# General Topics > Fieldwork >  Peruvian Rainforest (Amazon - Picture Heavy)

## Jeff

Rainforest conservation trip into Manu National Park (Peru). These were all taken with a waterproof coolpix...nothing fancy. Wildlife was very difficult to photograph and I admit I spent more of my time admiring it through my own eyes than through a camera lens. I mostly have scenic shots to share, but there is some wildlife mixed within as well. 


I saw over 125 species of bird, a Jaguar, Giant River Otters, 9 species of Monkey (Red Howler, Spider, White-fronted Capuchin, Brown Capuchin, Squirrel, Emperor Tamarin, Saddle-backed Tamarin, Dusky Titi Monkey, and the very rare and endangered Wooly Monkey). Several Amazon Tree Boas, a juvenile BCC in a tall palm, some dendrobates, hylids, caiman... it was absolutely incredible. Most wildlife photos were taken by colleagues and I'll try to get those posted when possible.


Aerial view from out small plane, passing over the Andes from Cusco into Manu forest:

The Amazon:







The Boca Manu Airstrip... it was a rough landing lol:






C. cornuta along a Matsiguanka trail:




Sunset on the River - The sun rises at 530am and sets at 530pm here. There is almost no transition between light and utter darkness. 




Succesional Forest:



Pretty Vespid:



Bullet Ant - The worst pain in the entire forest. This one was almost 2" long:



Ficus, a keystone fruiting species in the forest:



Wild Cocoa...note how fruit often grows out of the trunk and bark:



Cecilio and Marco, the boatmen. Cecilio (the elder) does not care about money... he takes researchers into the forest hoping purely so they can appreciate it and make efforts to save it. These are some truly remarkable people. They offer to carry all of your luggage for miles with no tip... and haven't seen family in over 4 weeks. 

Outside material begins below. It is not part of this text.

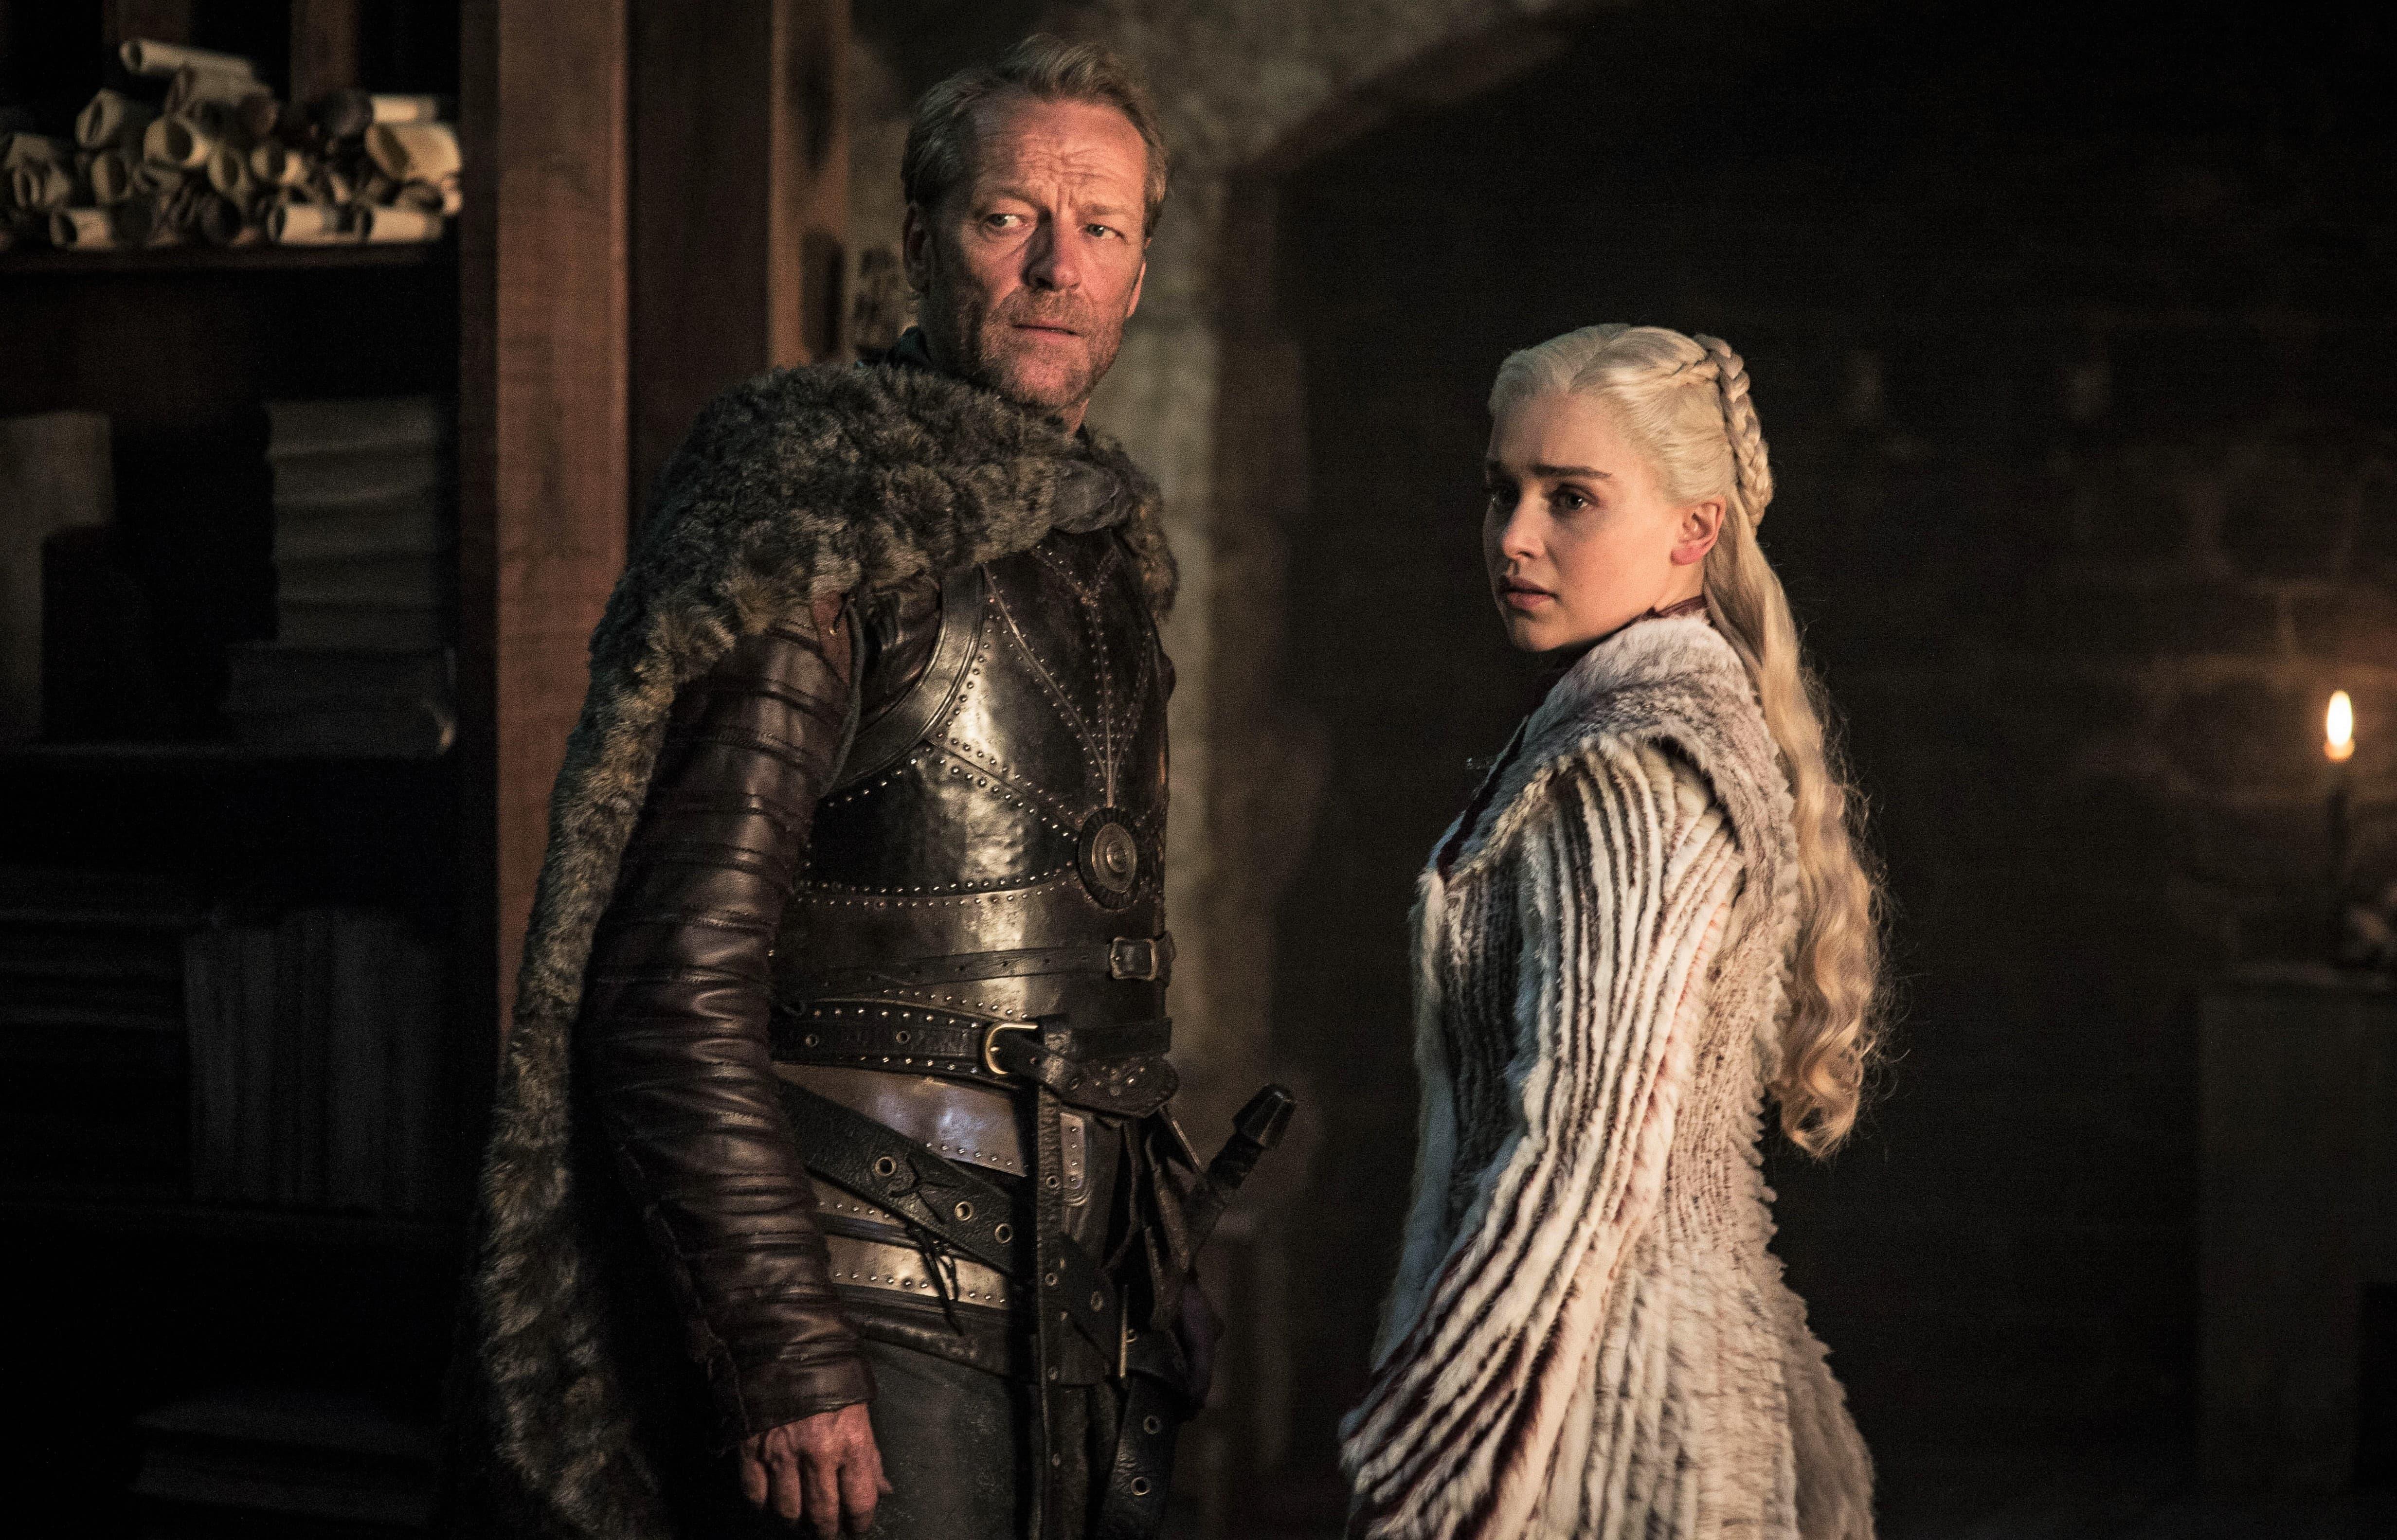 Jorah Mormont Daenerys Targaryen Winterfell Library Season 8

Termite Nest - Termites build nests high off the ground due to flooding:



Many plants protect themselves with toxins and sharp spines in the forest. This palm has spines that are over 4" long:



Phasmid:

Jaguar -  I feel so privledged to have seen this guy. He just hung out on the log overhanging the water as we passed by along the Madre de Dios. Very rare sight.
[/URL]
[/URL]


Jaguar photo taken by our amazing Guide, Dr. Leo Obelitas. This photo will be removed in 24hrs. Please do not repost this without permission:
[/URL]


Some Canopy views:
[/URL]


Oxbow Lake, Cocha Juarez:
[/URL]


Casa de Matsiguanka - the house of the Matsiguanka tribe. Very fascinating and shy indigenous people. They rarely ventured out of their hut here that houses 8 families... I learned a lot from them 
[/URL]




Guide Leo, talking about the naked tree. It sheds is incredible toxic bark to prevent infestation by ants that dominate the forest. He has a friend who committed suicide by drinking a brew with the bark:
[/URL]


Jewel Beetle...impossible to capture the beauty of this insect. Incredible rainbow of colors, irridescence, and it was about 3" long:
[/URL]


Corllalus enhydris enhydris - Amazon Tree Boa
[/URL]


Hylid - Giant Gladiator Frog (Hypsiboas boans). He was the size of a clenched fist:
[/URL]


The 2nd worst pain in the forest to the bullet ant. This caterpillar is called "Koi Koi" in Quechua... which translates to "pain pain"
[/URL]


[/URL]


Sunset:
[/URL]


White Caiman



Snake bird (I think):



This is the caustic vine I had alluded to that is used to remedy Bullet Ant stings:



Very cool, cryptic frog. Unknown species...anyone want to take a stab at it? Found near Cocha Salvador in detritus, about 250m from the lake in Manu National Park. We didn't have any die-hard frog people with us on this trip and our field guide was for herps was severely limited.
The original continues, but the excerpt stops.